The evil effects of too close an intermarriage have not been

confined to the nobility of Spain; the higher classes in every country have suffered to a greater or less degree. Indeed by far the greater number of the illustrations of the frequency and the mortality of scrofulous diseases contained in Lugol's work on scrofula, he states have been drawn from among titled families. Lugol, in referring to this and to other causes of scrofula, adds in another part of his work :

"The aristocracy is degenerated in the first instance by too exclusive alliances in their own grade, and in the next place, because when weakened by too long a course of such alliances, they have at length become scrofulous.
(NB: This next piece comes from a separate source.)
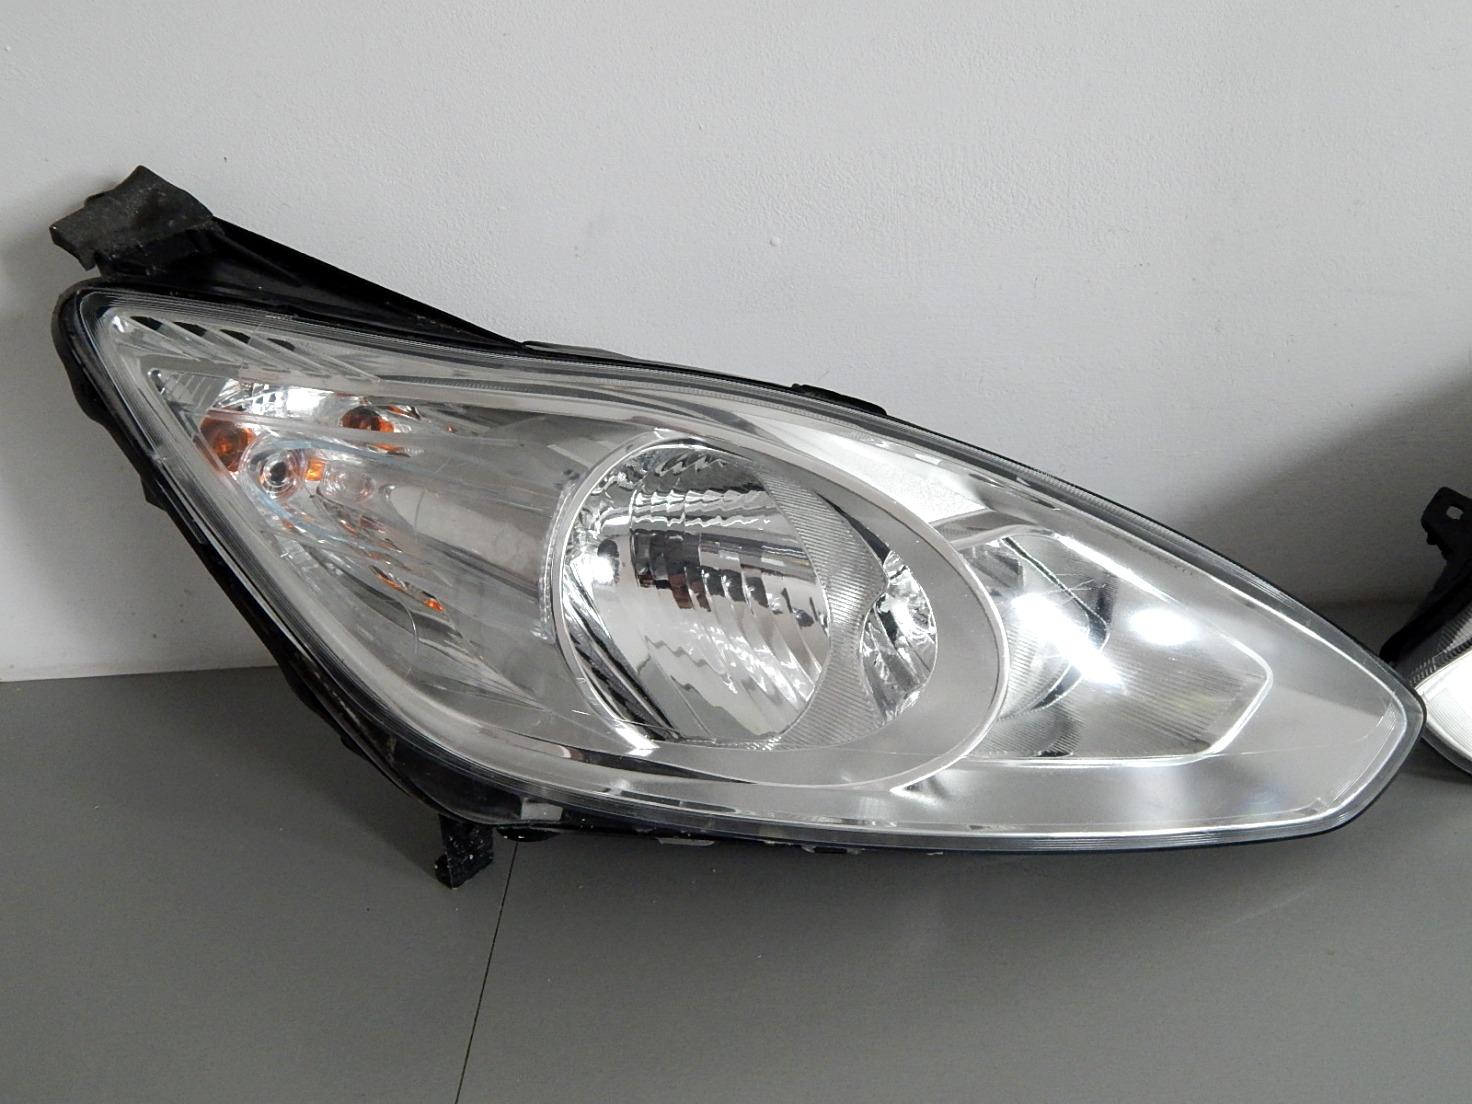 Ford C Max Prawa Lampa Przód Na Bazarekpl
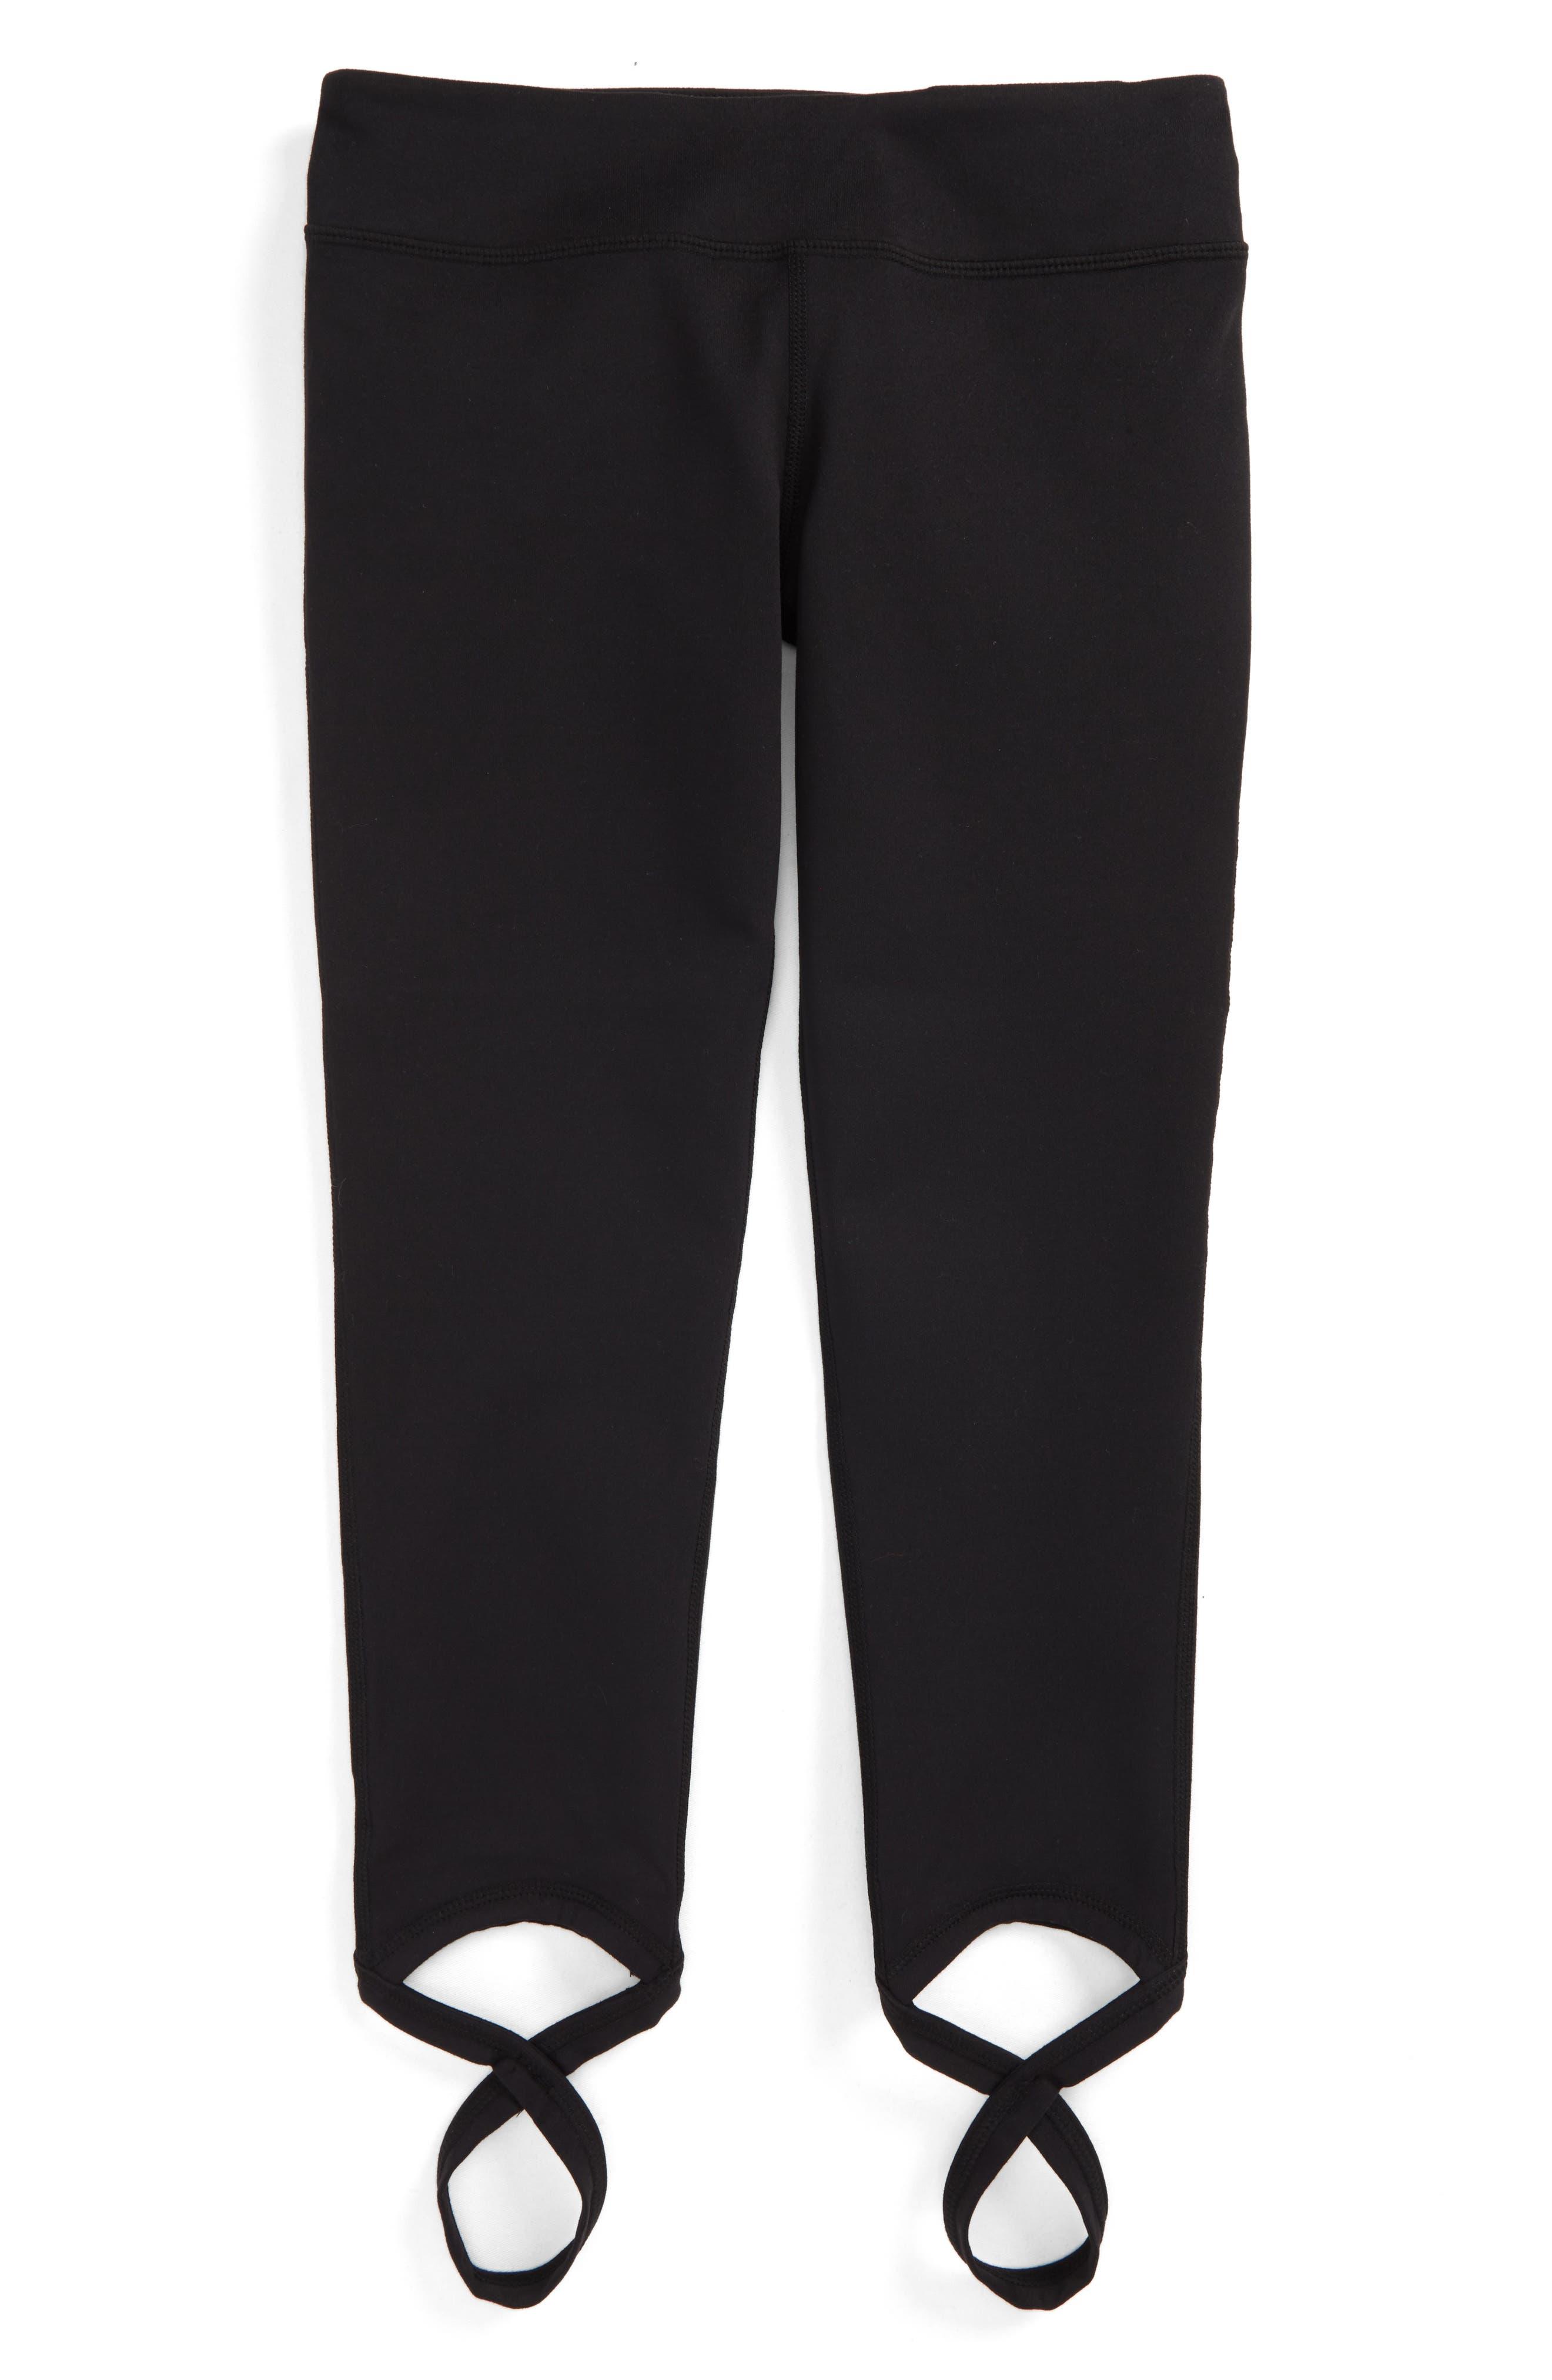 Zella Ankle Wrap Crop Leggings,                             Main thumbnail 1, color,                             001

Scrofula, when once generated, becomes hereditary as a matter of course, and increases in intensity in each successive link in the line of posterity.

"It is impossible, therefore, to insist with too much earnestness upon the necessity of crossing the blood, in order to stay the progress of endemic scrofula; for it is only by successive crossings that we shall be able to eradicate the taint from, and to fortify the constitution of populations which have long been its victims."

In connexion with the evil of intermarriage between near re. latives, as exhibited by the oligarchical class, Lugol records his opinion that that is one main cause of scrofula. "It is to the assemblage of these causes, coupled with the fact that their influences are often concentrated within a narrow sphere, that we may refer the remark that the noble families and the privileged classes of all countries, but especially of Spain, Italy, Russia, and England, are desolated and eventually extinguished by the progress of hereditary scrofula."

If, then, so dreadful a diseased state, affecting the general constitution as a whole, is producible by such intermarriages, how certain it is that individual diseased states are produced by the same conditions!

If such are the effects produced upon the general system, how much more deleterious, it is likely, will be the effects on the cerebral system, and, through it, on the mind itself.

Mental imbecility is a result of the intermarriage of near relations.